Take Advantage of Grace Periods on Purchases

Many credit cards offer grace periods on new purchases, separate from carried balances. This grace period gives you 20-25 days to pay for new purchases without accruing interest.

Let’s say your billing cycle ends on the 30th and your due date is the 25th. If you have a carried balance, interest will accrue daily on it. But new purchases made between the 1st and 30th won’t start accruing interest until after your next billing cycle starts.

So you can minimize interest by paying off previous statement balances in full, while still making new purchases that earn you a 20-25 day grace period before interest kicks in. Just be sure to pay off those new purchases in full by the following due date.

Pay Down Balances to Regain Grace Period

If you currently have a carried balance on your card, focus on paying that amount down as aggressively as possible first. This will help you regain the interest-free grace period on new purchases.

Here are some tips to knock out credit card balances fast:

  • Make payments well above the minimum due to pay down principal faster.

  • Ask for a lower interest rate by calling your credit card company.

  • Consolidate debts onto a 0% balance transfer card to avoid interest temporarily.

  • Shift expenses to a debit card or cash to free up more funds for credit card payments.

  • Pick up a side gig like rideshare driving for extra income to put toward balances.

Once you pay off your existing balance in full, you can start making new charges while avoiding interest again. Just be vigilant about paying off new purchases in full going forward.

Consider 0% Introductory APR Offers

If you have a major expense coming up that you won’t be able to pay off in full right away, consider getting a credit card with a 0% intro APR.

Many cards offer 0% interest for 12-18 months on purchases and/or balance transfers. This gives you over a year to pay off the balance without incurring interest.

Just be sure to have a plan to pay off the full balance before the 0% rate expires. If any balance remains after, you’ll start paying upwards of 16% or more in interest. Set up automatic payments to help you knock it out on time.

Submit Payments Before Your Bank’s Cut-Off Time

One last factor that can impact when your payment is credited relates to your bank and processing times.

Many banks have daily cut-off times, such as 2pm PST, by which payments need to be submitted to be counted for that same business day. Payments received after the cutoff will be processed the next business day.

So if your credit card due date falls on a Sunday, you’ll need to submit payment by Friday or Saturday, depending on your bank’s cutoff. This ensures the funds are available by Sunday to be on time.

Check with your individual bank to learn their payment processing deadlines. Submitting payments before the cutoff provides peace of mind and ensures you avoid interest fees.

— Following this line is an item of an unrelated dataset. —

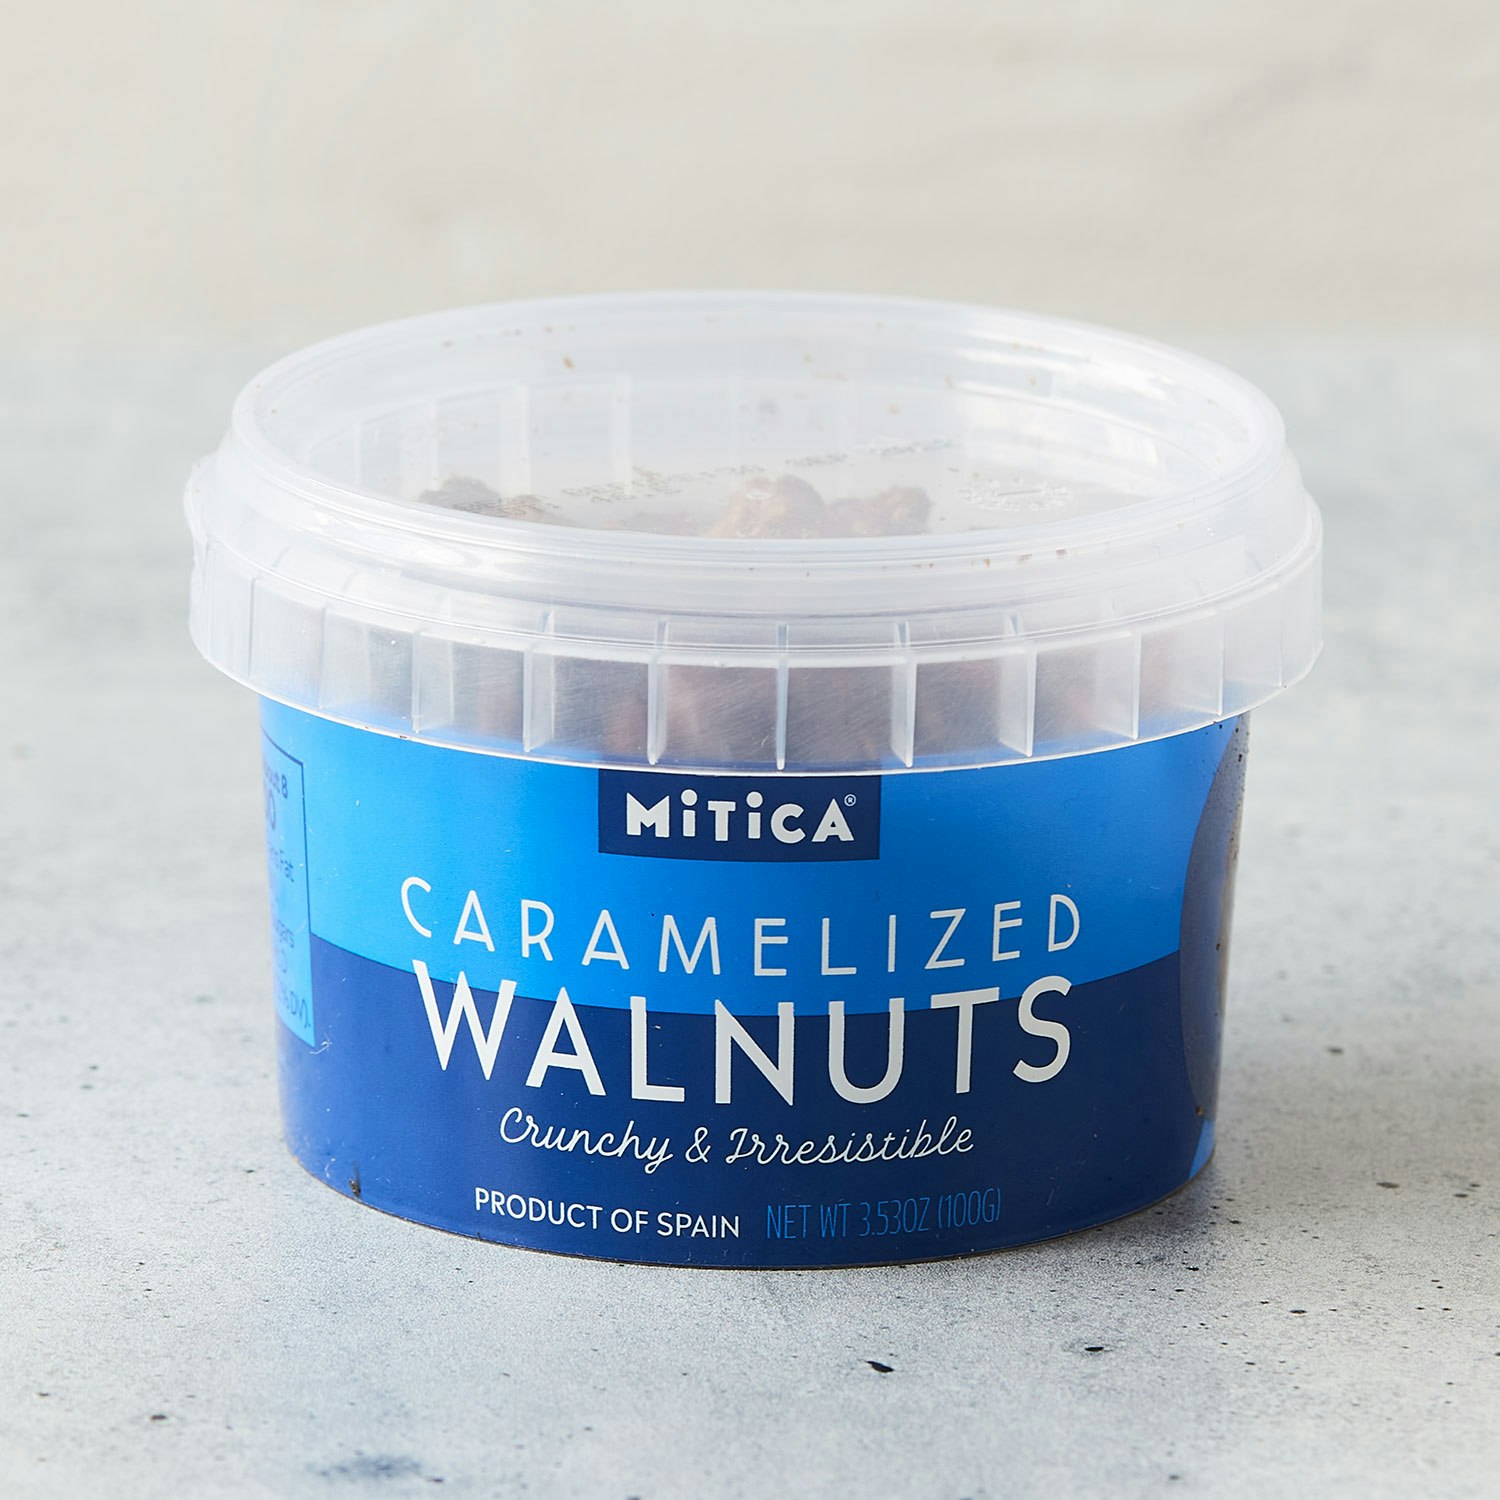 mitica caramelized walnuts minitub specialty foods

Set Payment Reminders to Avoid Being Late

With all these factors to consider around payment timing, it’s easy to slip up and risk paying interest. Set up payment reminders as a safeguard.

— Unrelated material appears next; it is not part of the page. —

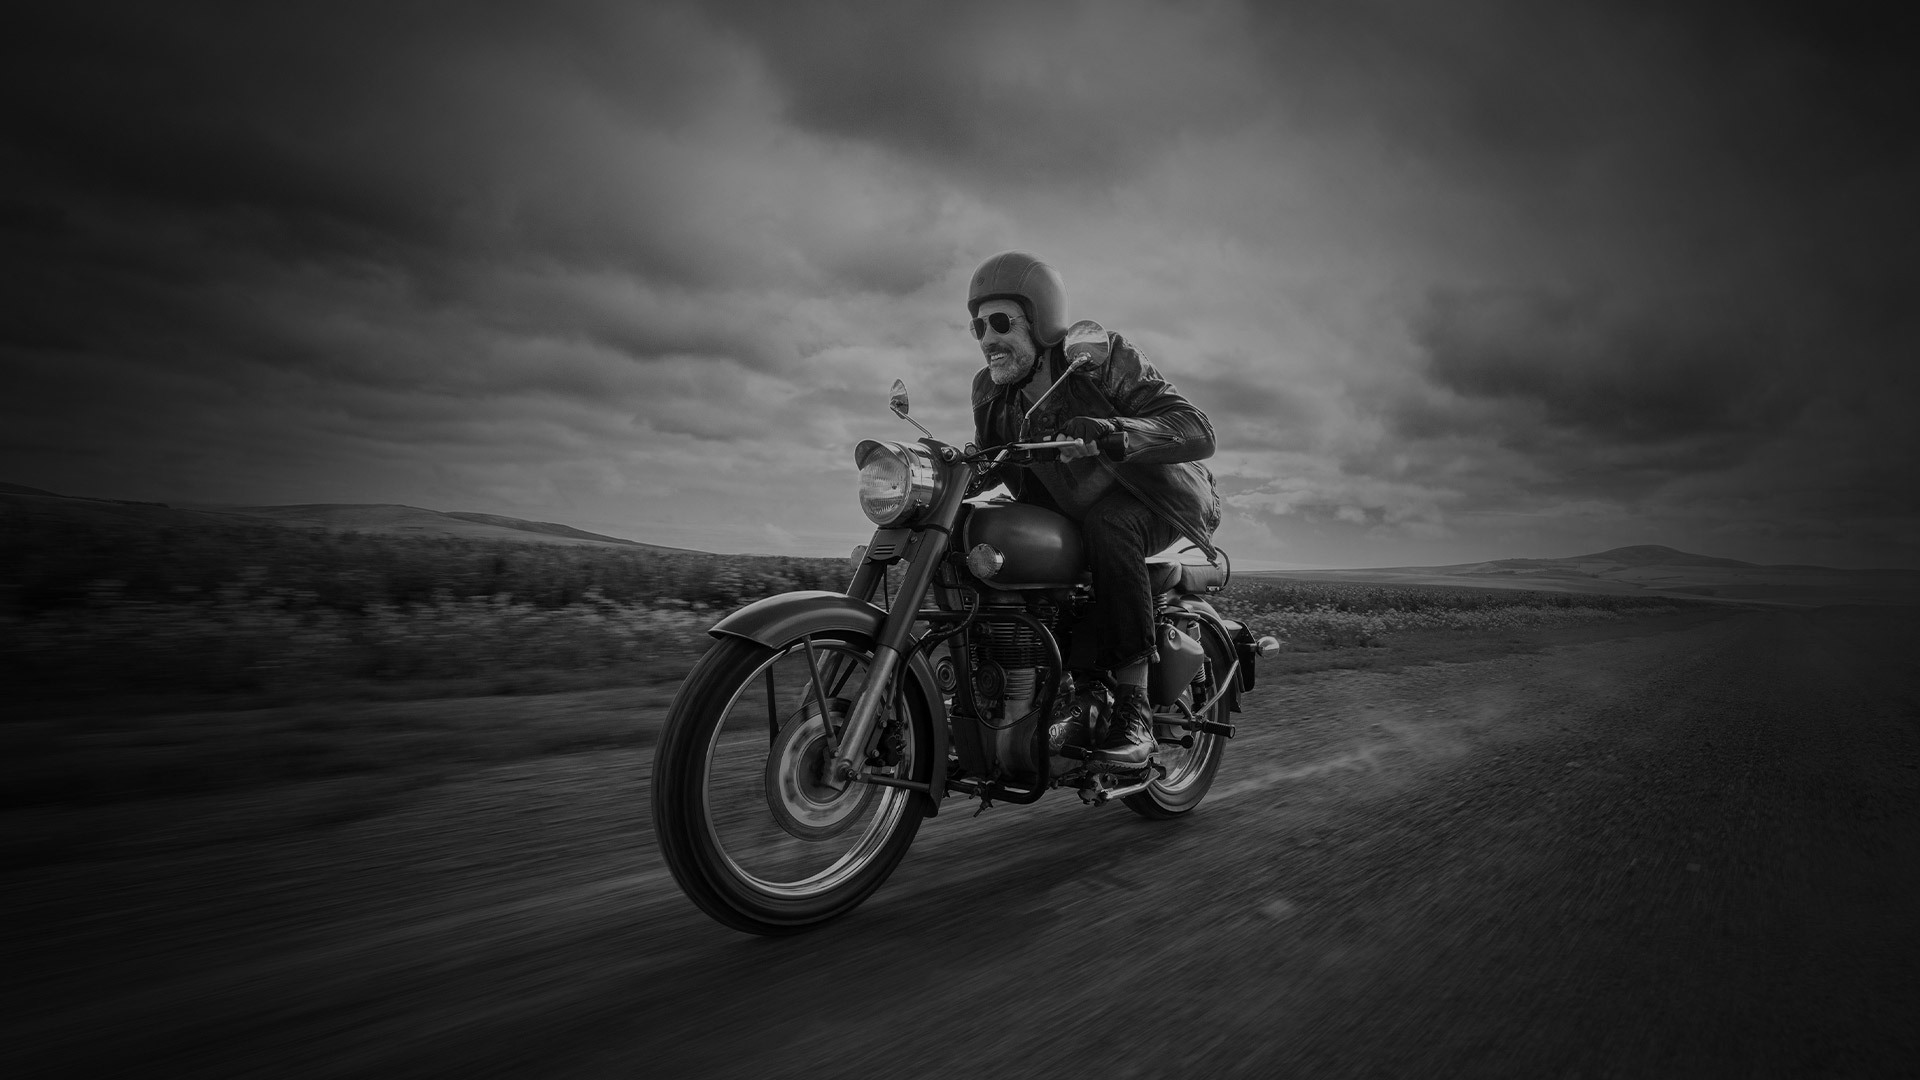 Non-descript man riding motorbike

You can have your credit card company text or email reminders when your bill is ready and due. For an extra cushion, set reminders on your phone calendar 1-2 weeks prior to the due date as a heads up.

Many banks also allow you to set up automatic payments directly from your checking account for the full or minimum amount due. This guarantees your payment is received on time. Just be sure your checking account has sufficient funds.

By taking advantage of reminders and autopay features, you can rest assured your bill is paid on time and interest fees are avoided.

In Summary

Dodging interest on your credit cards simply comes down to developing good payment habits:

  • Pay your full statement balance every month before the due date
  • Schedule payments 7-10 days early as a buffer
  • Make multiple payments per cycle to lower average daily balances
  • Take advantage of grace periods on new purchases
  • Pay off existing balances aggressively to regain the grace period
  • Use 0% intro APR offers temporarily for large purchases
  • Submit payments before your bank’s daily cutoff time
  • Set up reminders and automatic payments as a backup

Sticking to these simple strategies will ensure you avoid accruing costly credit card interest. Your wallet will thank you.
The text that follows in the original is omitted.